May 2019
tl;dr: Pruning filters instead of sparsely pruning weight for efficient inference.
Overall impression
This is one of the first paper in model pruning (with ~400 citation as of 05/21/2019, and ~800 as of 05/17/2020).
Key ideas
 Magnitude based pruning with L1 norm (the authors commented that L2 norm yields similar results).
 Conventional pruning leads to irregular sparsity in pruned network, and requires sparse conv libraries and special hardwares.
 Pruning parameters does not necessarily reduce the computation time since the majority of the parameters removed are from the fully connected layers where the computation cost is low. (FC layer in VGG16 occupy 90% of parameters but less than 1% of the computation).
 Reducing FLOPs does not necessarily reduce energy cost. 1 access to memory actually is ~1000 more energy consuming than ADD. (source). 16 FP Mult takes 1/4 of energy of 32 FP Mult.
 The paper proposes to prune multiple filters at once and retrain once. (as opposed to conventional pruning of one filter at a time and retrain after pruning each filter).
 Pruning based on weights is data free, whereas pruning based on activation map needs test images.
 Pruning m filters reduces $m/n_{i+1}$ of the computation cost for both layer i and i+1. Because it not only removed the filters i+1 but also feature map, which is the input of the i+1 layer.
Technical details

Each filter is $n_i$ filters, thus of size $n_i \times k \times k$, where $n_i$ is the channel of input data. L1 ranking score is $s_j = \sum_{l=1}^{n_i} \sum_{k \times k} 
K_l 
$. The smaller the score, the less important the filter is. 

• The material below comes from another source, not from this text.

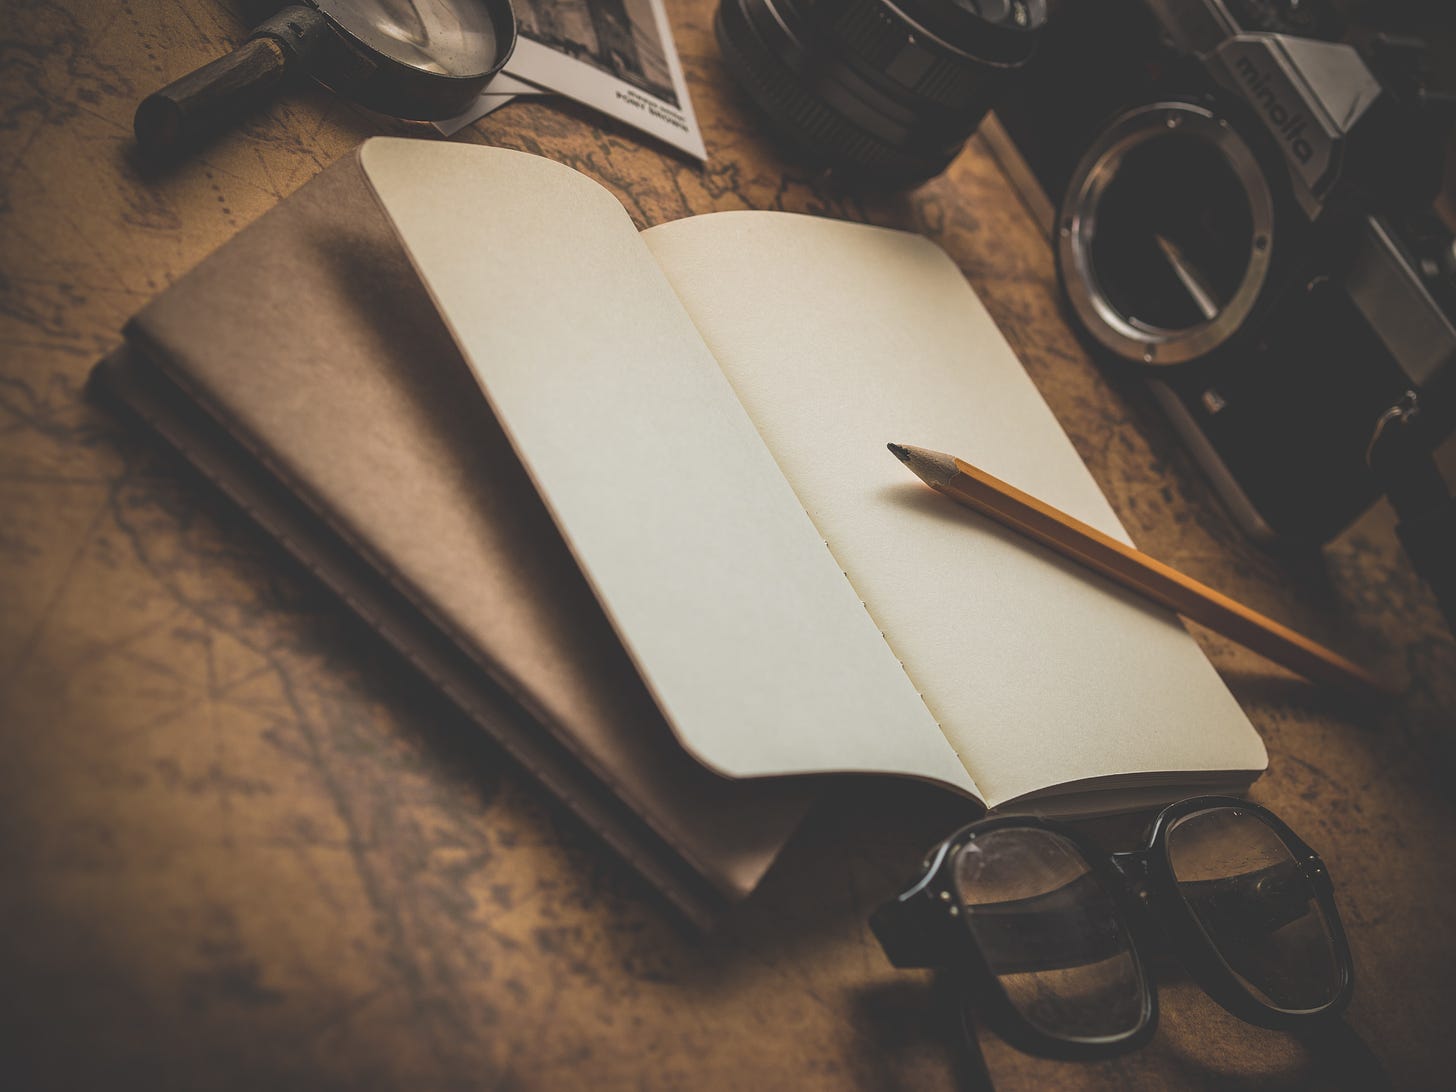 Image is a photo of an open notebook with blank pages atop a folder and a map, surrounded by various objects like a magnifying glass, an old manual camera, a pencil, and glasses.

 No noticeable difference in L1 or L2 norm in pruning filters, as important filters tend to have large values in both measures.
 Retrain: for pruningresilient layers, pruning away large number of filters and retrain once yields good results.
Notes
 A filter and a 2D kernel are two diff concepts. One filter can contain num_channel 2D kernels.
 Parameters and computation are not necessarily correlated.
 Pruning filters will leads to computation cost savings in two nearby layers.